ARNAS Brotzu, FP CGIL, CISL FP e FIALS proclamano lo stato di agitazione
Le sigle sindacali FP CGIL, CISL FP e FIALS di Cagliari hanno proclamato ufficialmente lo stato di agitazione per tutto il personale del Comparto Sanità dell’ARNAS G. Brotzu. La decisione, formalizzata in una nota congiunta inviata al Prefetto e ai vertici della sanità sarda, scaturisce da una rottura totale del confronto aziendale. Al centro della protesta ci sono le gravi criticità strutturali che affliggono il principale polo ospedaliero ad alta specializzazione della Sardegna.
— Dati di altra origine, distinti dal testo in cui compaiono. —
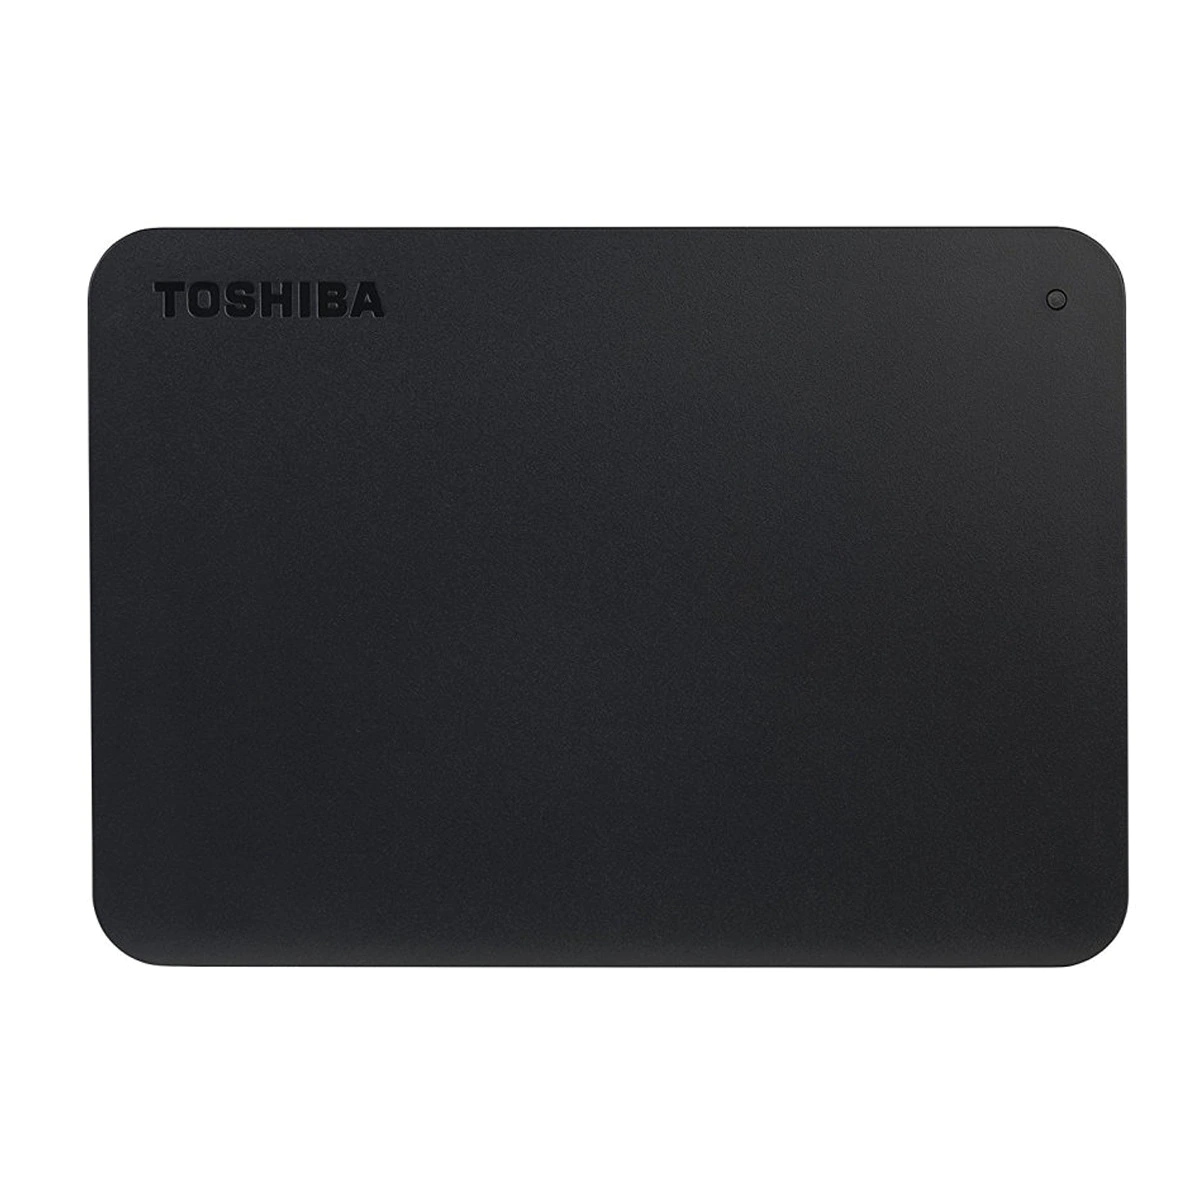 Disco duro externo Toshiba Canvio Basics 2TB, USB 3.0

I sindacati denunciano una carenza cronica di organico e carichi di lavoro diventati ormai insostenibili per operatori, infermieri e amministrativi. A questo si aggiunge un’allarmante emorragia di personale, che sceglie sempre più spesso le dimissioni volontarie o la mobilità verso altre aziende. Una fuga di competenze che mette a rischio la memoria storica e la sicurezza operativa dei presidi. Il ricorso sistematico a straordinari e prestazioni aggiuntive ha superato la soglia di tollerabilità psicofisica, intaccando il diritto al riposo.
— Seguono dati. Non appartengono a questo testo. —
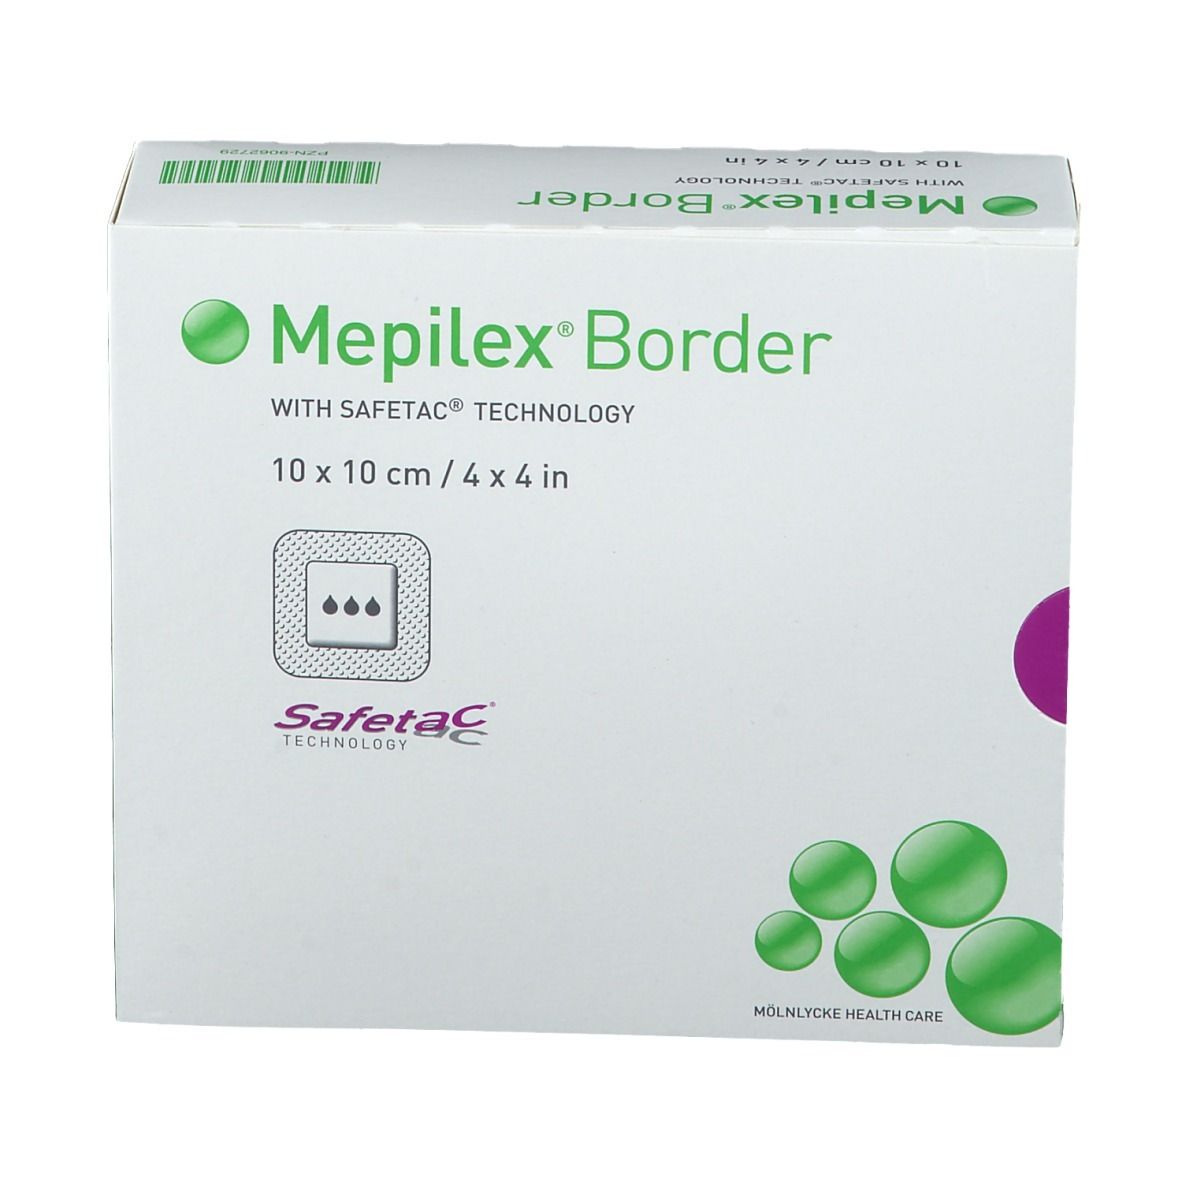 Mepilex® Border Schaumverband 10 x 10 cm

Per queste ragioni, sono state attivate immediate azioni di mobilitazione. Tra le misure principali figurano il blocco totale del lavoro straordinario e la sospensione delle prestazioni aggiuntive. Verrà inoltre preteso il rigido rispetto dell’orario contrattuale, compresi i tempi di vestizione e passaggio di consegne. I rappresentanti dei lavoratori chiedono l’attivazione immediata delle procedure di raffreddamento e conciliazione. In mancanza di risposte tempestive, lo sciopero generale aziendale sarà il prossimo passo inevitabile.